In June 2007 McElroy led a combined student/alumni study abroad group to the Galapagos for a course titled “Biology in a Social Context: Galapagos and Ecuador.” In addition to examining biodiversity “hotspots” they discussed ecotourism, bioprospecting and the property rights of indigenous peoples.
The presentation is timely since this year is the 200th anniversary of the birth of Charles Darwin, who became one of the island’s most celebrated visitors when he reached there on the HMS Beagle on Sept. 15, 1835.

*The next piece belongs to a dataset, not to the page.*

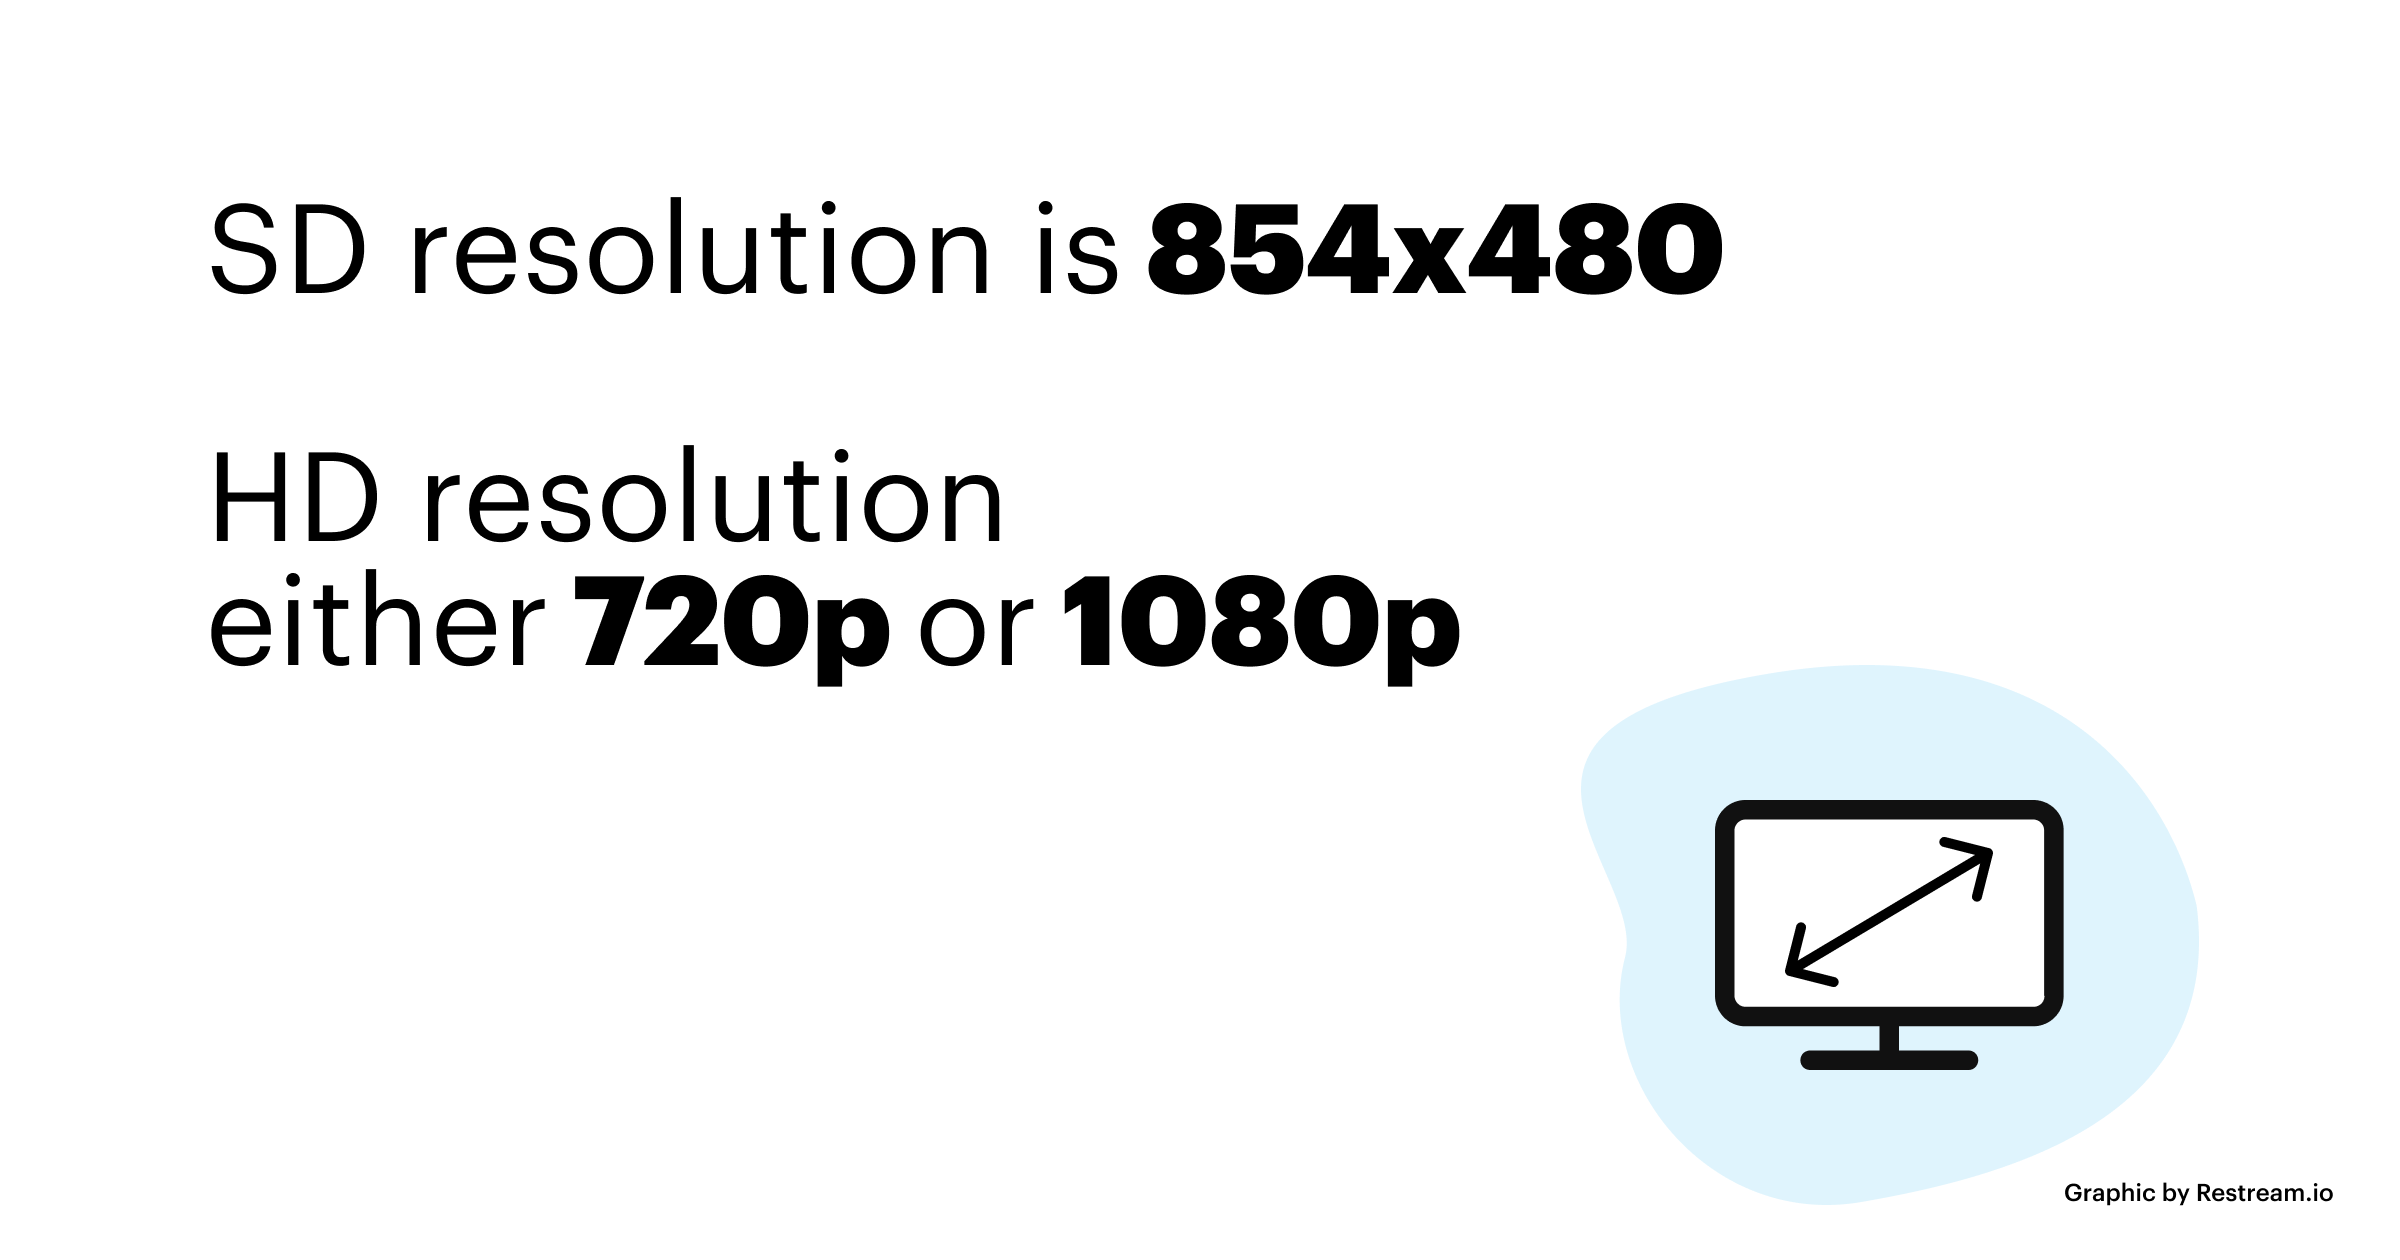 SD resolution is 854x480, HD resolution either 720p or 1080p

McElroy’s presentation is scheduled for 7 p.m. Thursday at Barnes & Noble, 1680 Campbell Lane.
McElroy received his master’s and doctorate from the University of Maine’s Department of Zoology. After stints at Colby College and postdoctoral research at Arizona State University, McElroy came to WKU in 1993. He has taught biology, served as director of the University Honors Program, coordinated the American Democracy Project at WKU, and served as an Assistant to the Provost for QEP (Quality Enhancement Plan) Implementation.
He’s received numerous grants related to both higher education and biology. His diverse research interests have involved studying the “evolution of Lake Malawi Cichlids” in Africa, conserving species of the Gila in the Upper Colorado Basin, using highly sensitive molecular markers to survey population genetic structure, and doing genetic analysis of whitetail deer in Kentucky. He’s also taken students to east Africa to study African Game Species.
His articles have appeared in the Journal of Wildlife Management, the Encyclopedia of Genetics and many others.